**What the exercise asks**
Reproduce the listing exactly, with no pictures in your copy.

**Information supplied**
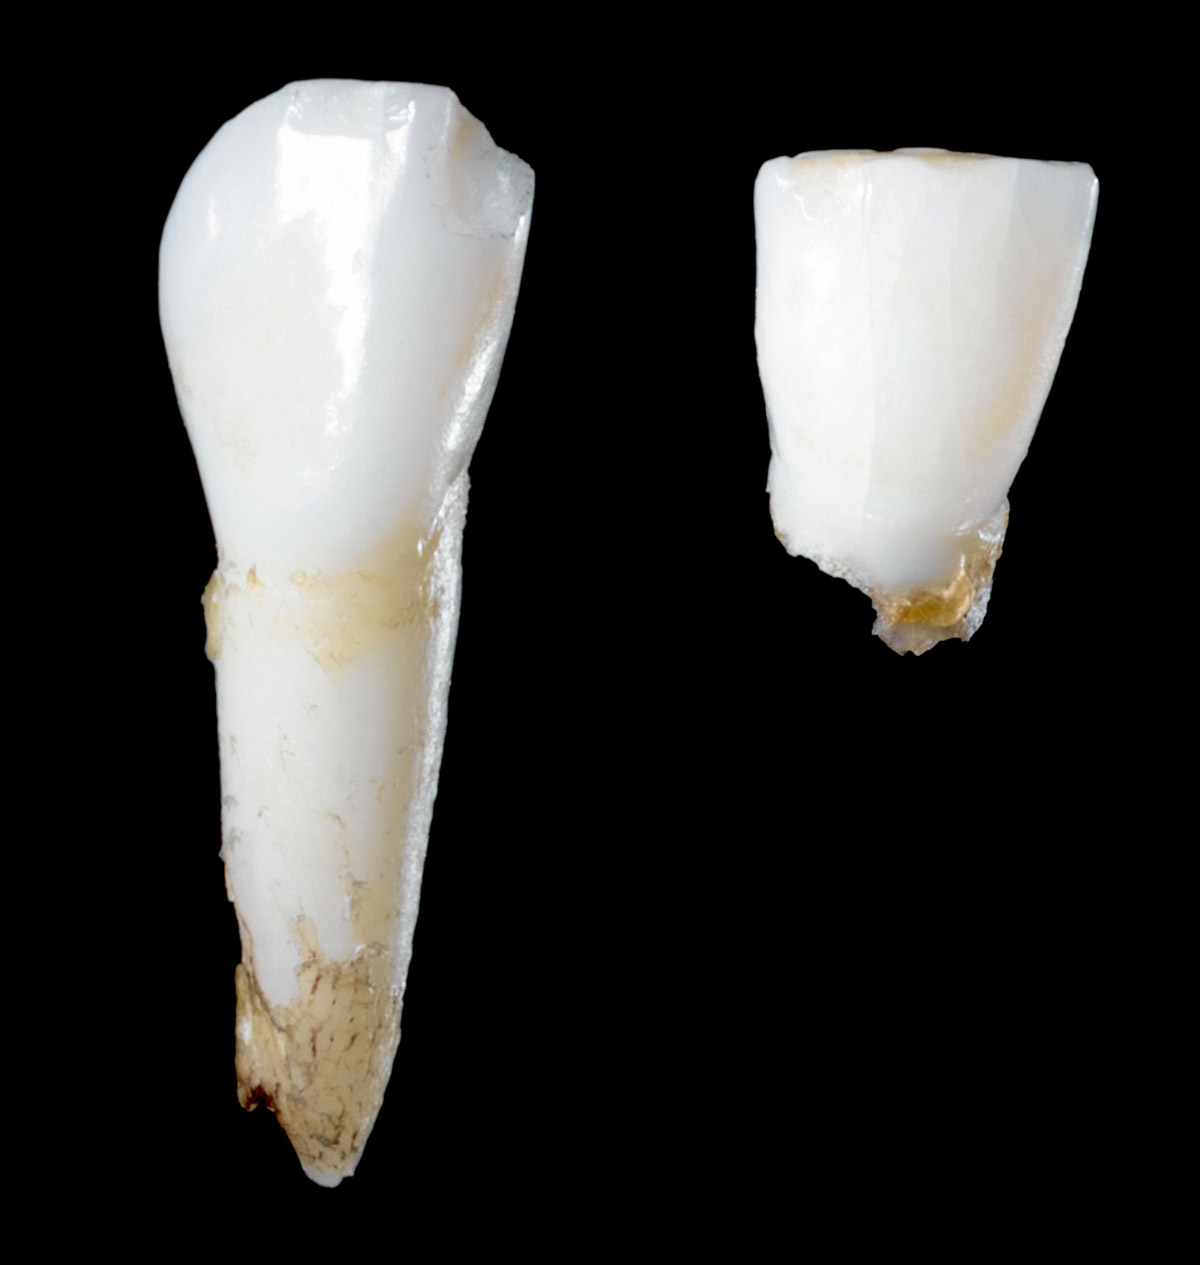 CABINET / Leftovers / Where Do Teeth Go?
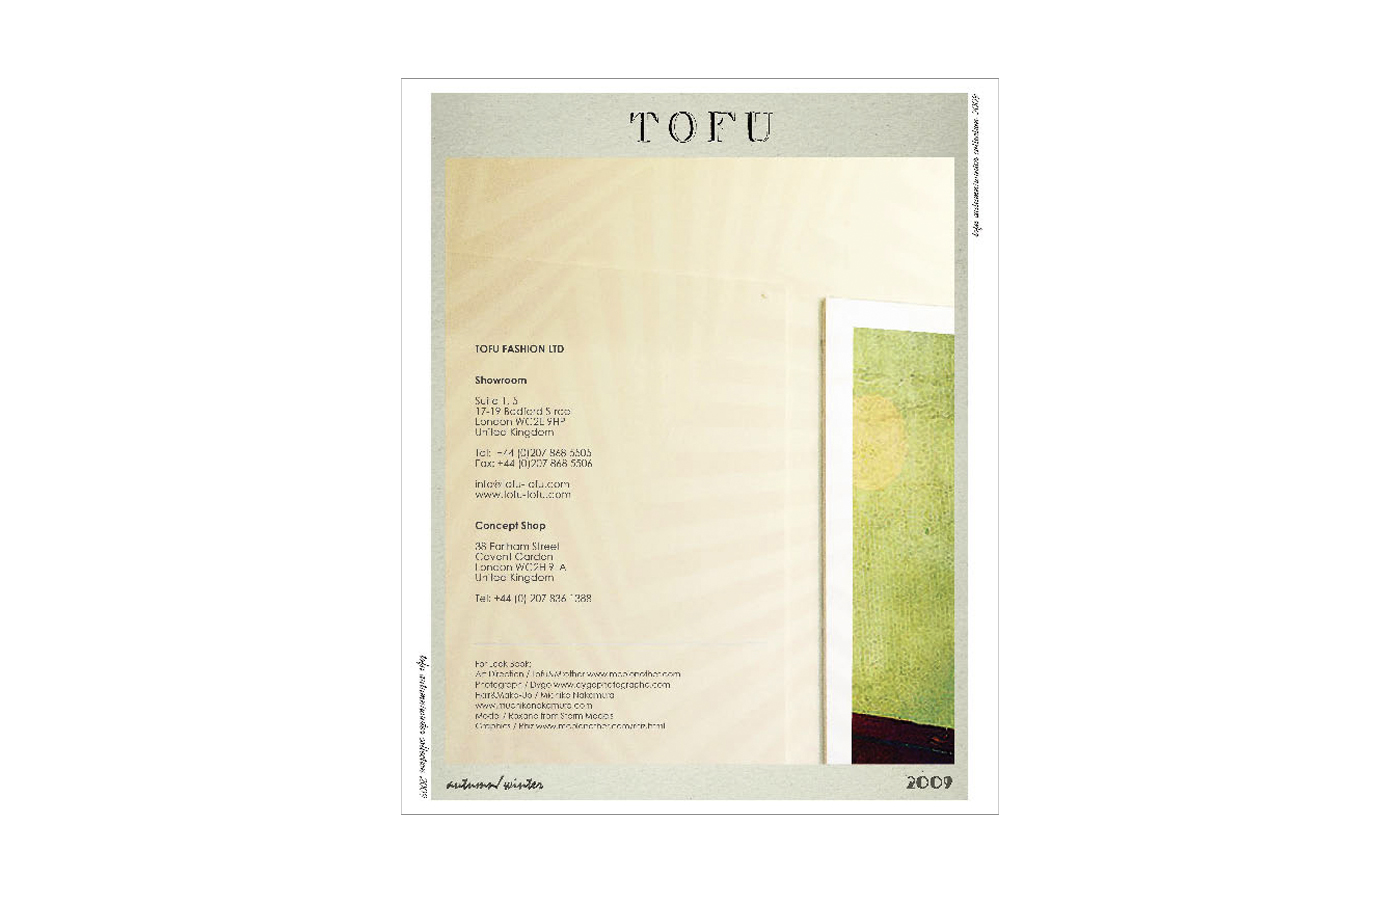 tofuaw2009
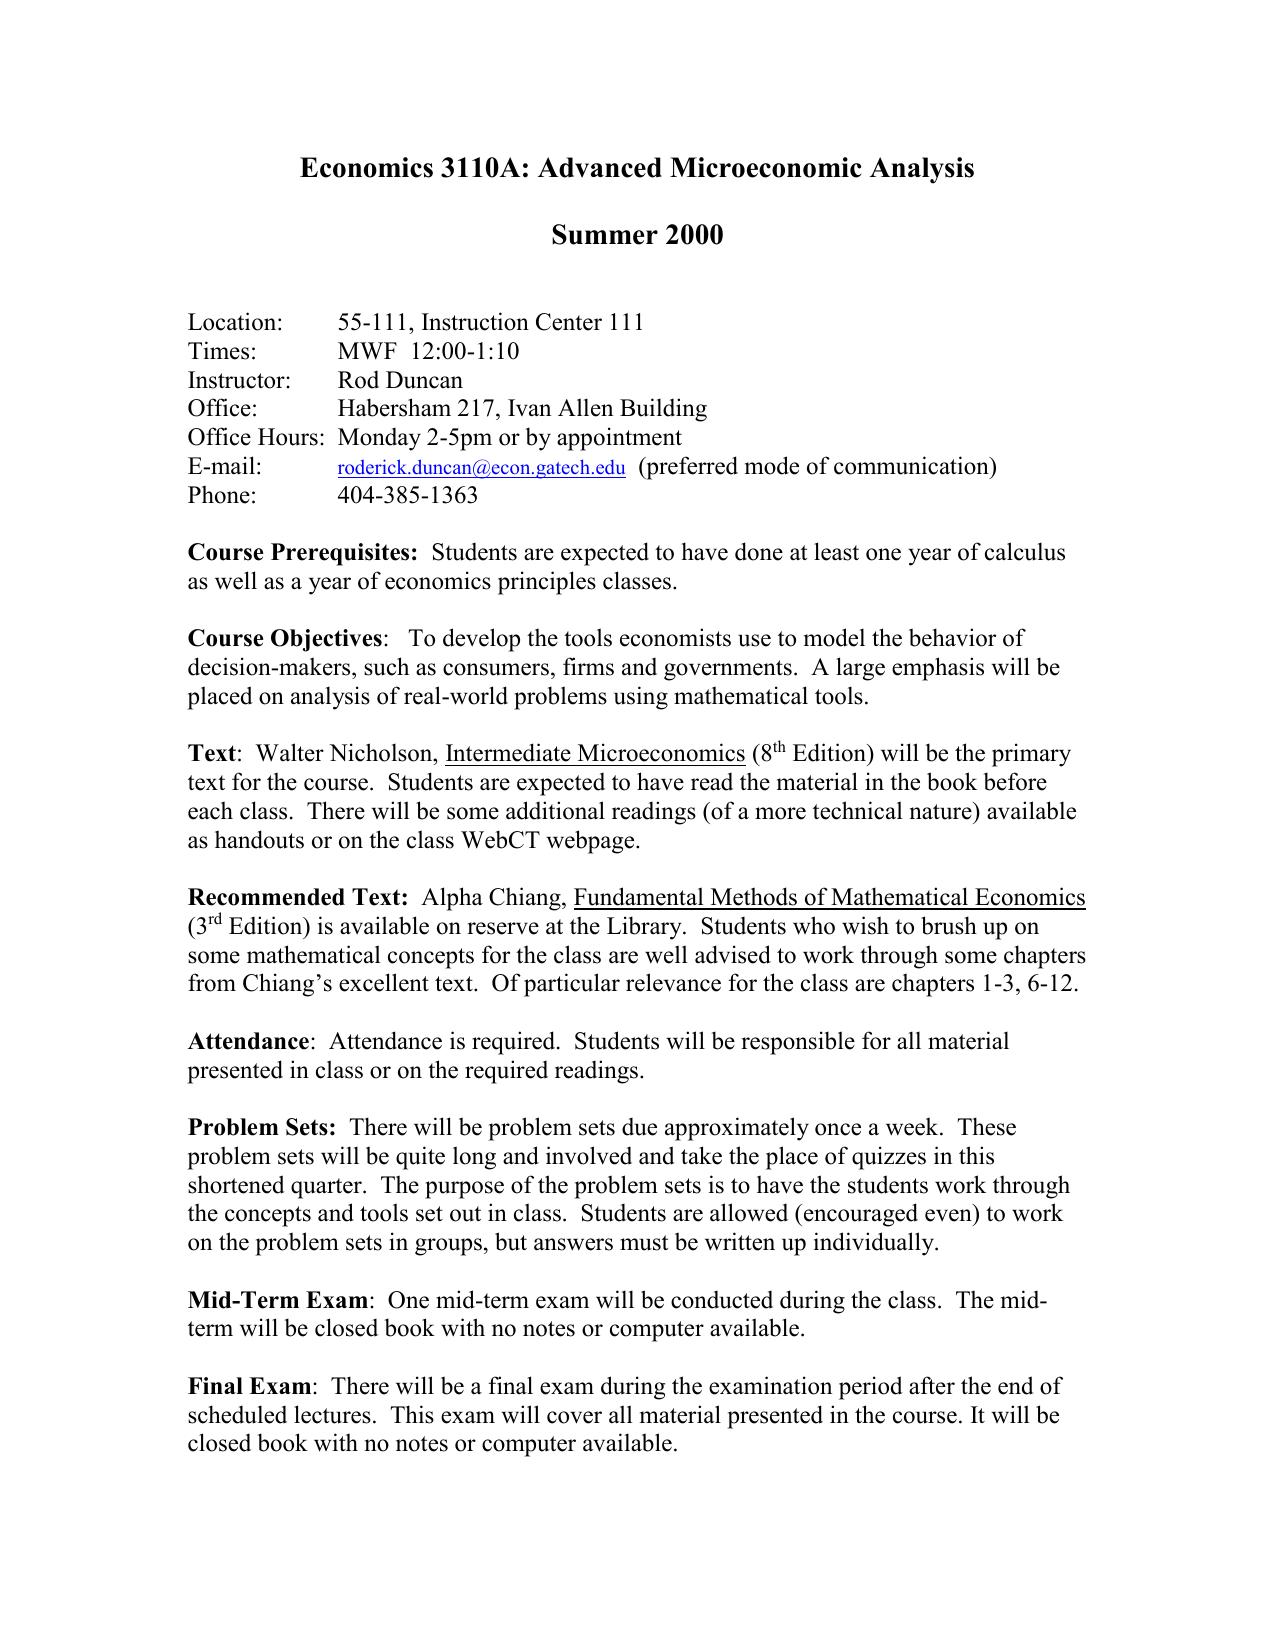 Economics 3110: Advanced Microeconomics

**Answer section**
 CABINET / Leftovers / Where Do Teeth Go?
 tofuaw2009
 Economics 3110: Advanced Microeconomics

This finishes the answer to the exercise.